* **INFORMATION SHOWN**:
○ ○ ○ ○
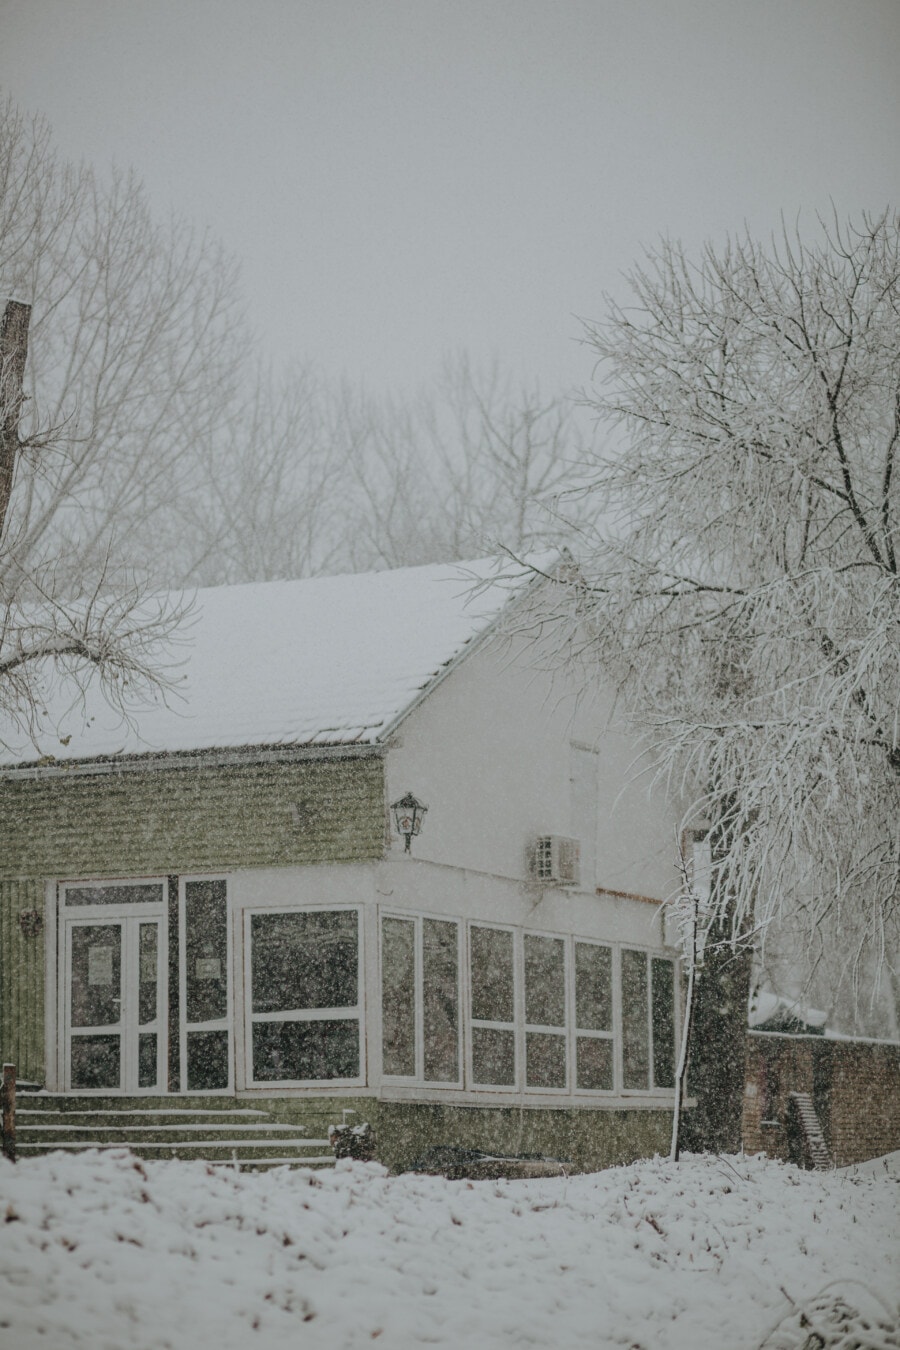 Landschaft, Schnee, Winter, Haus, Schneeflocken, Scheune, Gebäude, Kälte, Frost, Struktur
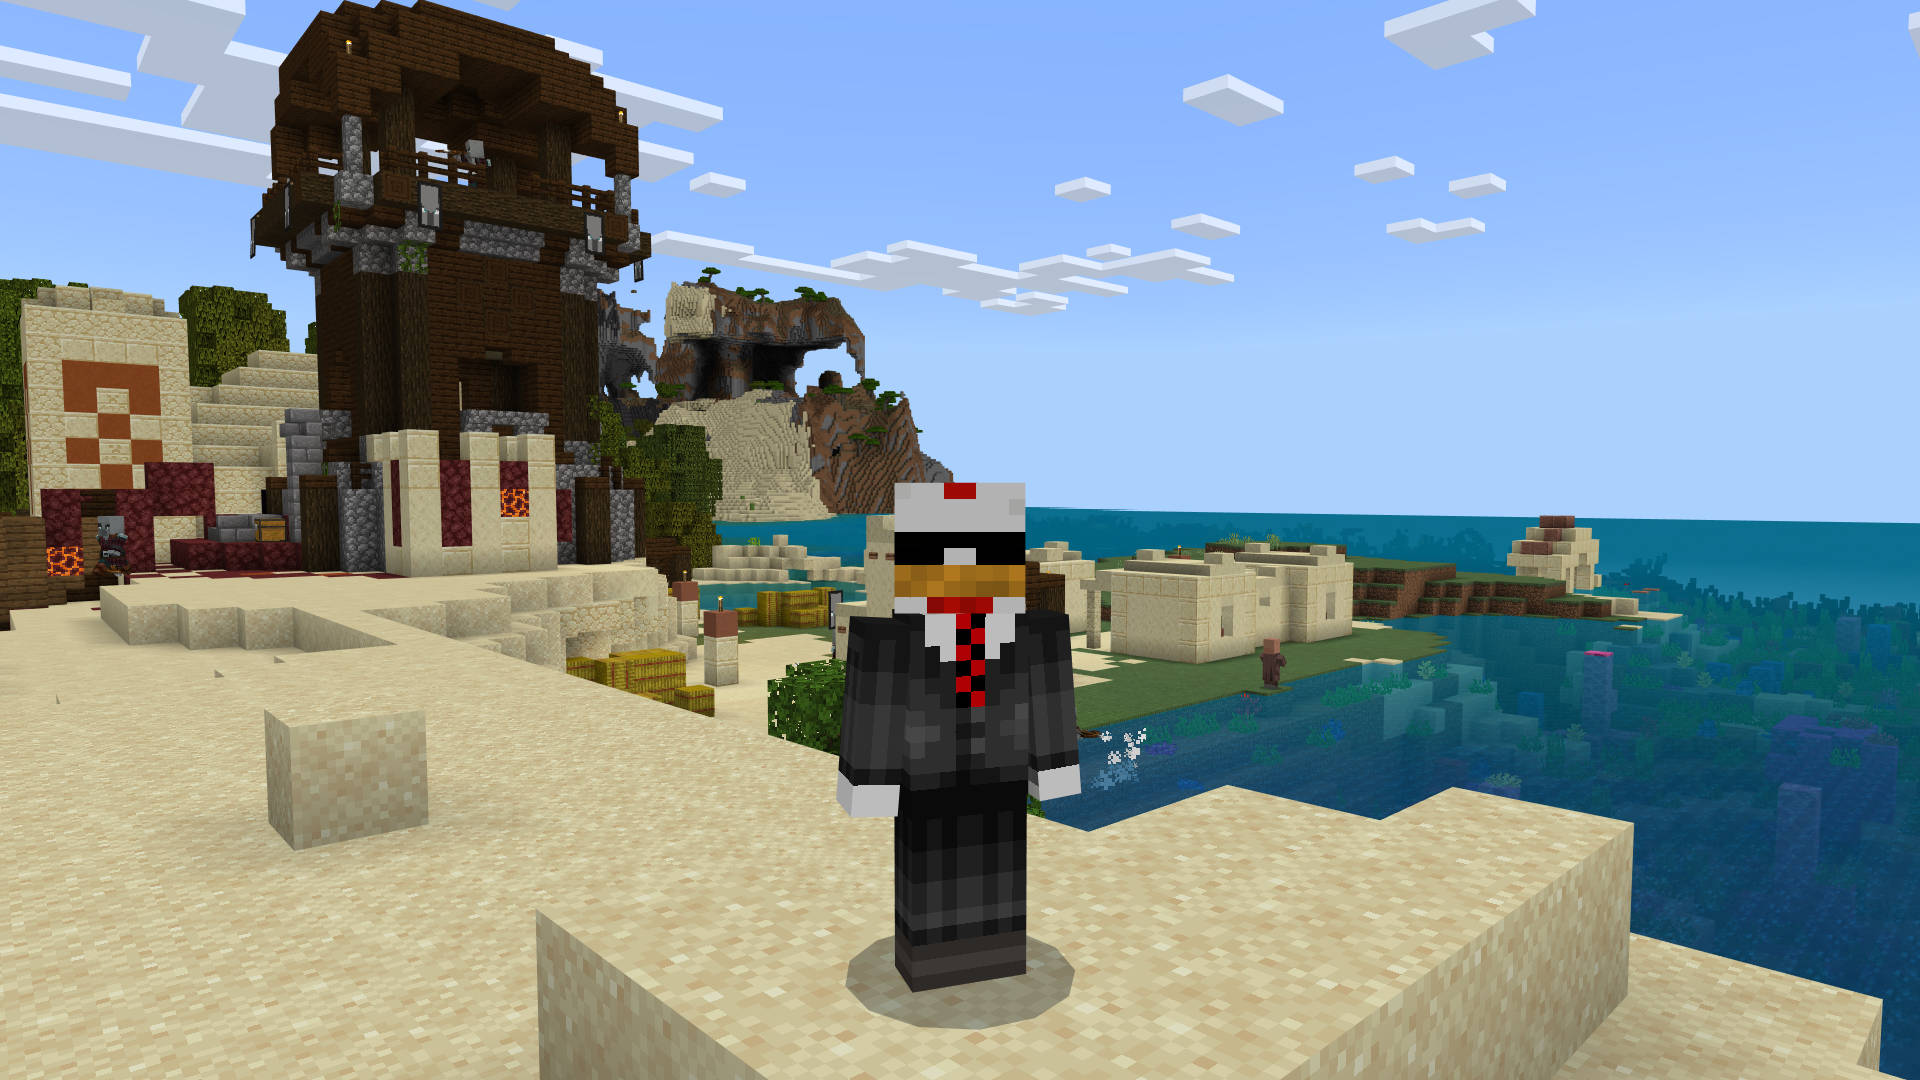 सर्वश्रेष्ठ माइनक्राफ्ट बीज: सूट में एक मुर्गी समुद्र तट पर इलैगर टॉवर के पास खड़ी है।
○ ○ ○ ○
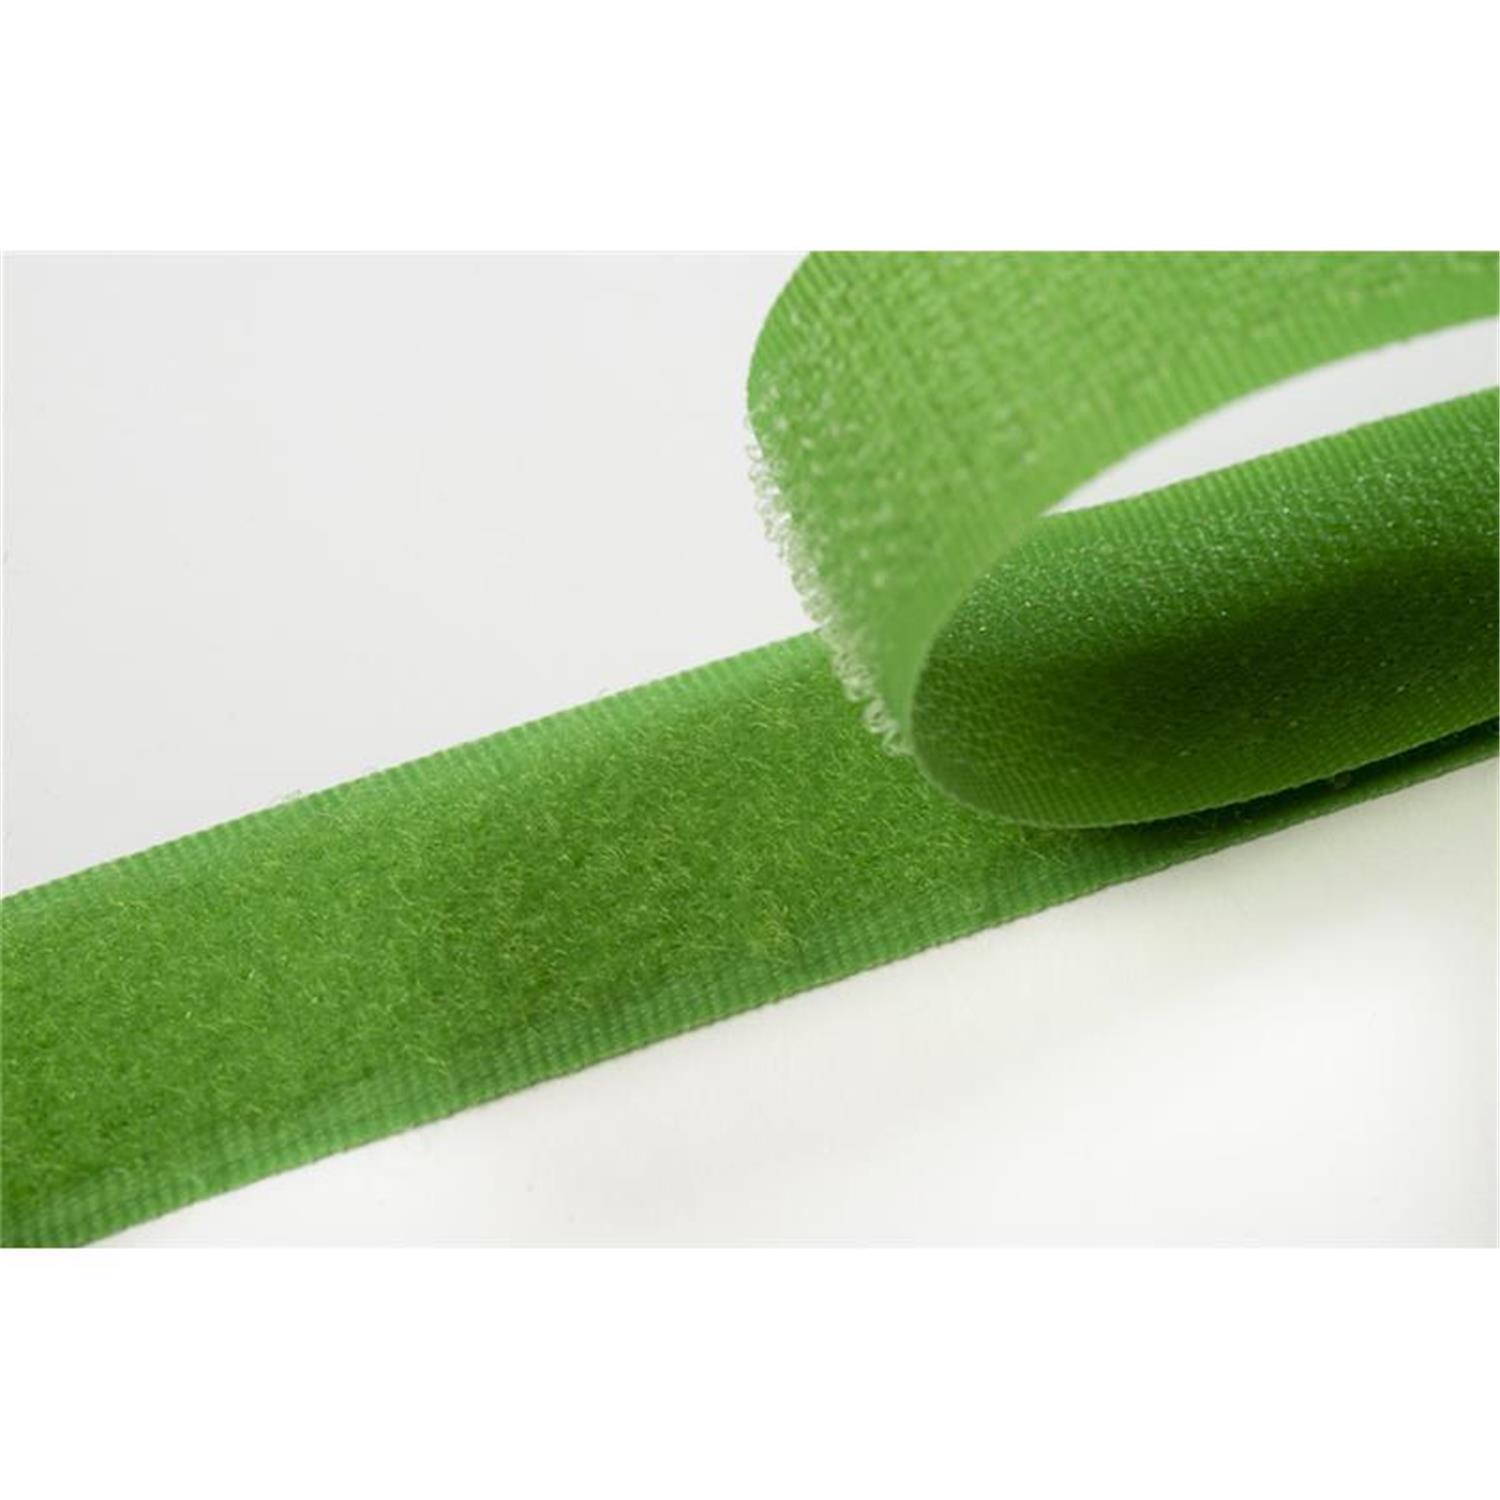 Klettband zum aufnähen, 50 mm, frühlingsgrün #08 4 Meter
○ ○ ○ ○
Starting at the line with "Kälte, Frost, Struktur" and finishing at the line with "सर्वश्रेष्ठ माइनक्राफ्ट बीज: सूट", copy the material above exactly, both lines included. Nothing else goes in, and no pictures.

 Landschaft, Schnee, Winter, Haus, Schneeflocken, Scheune, Gebäude, Kälte, Frost, Struktur
 सर्वश्रेष्ठ माइनक्राफ्ट बीज: सूट में एक मुर्गी समुद्र तट पर इलैगर टॉवर के पास खड़ी है।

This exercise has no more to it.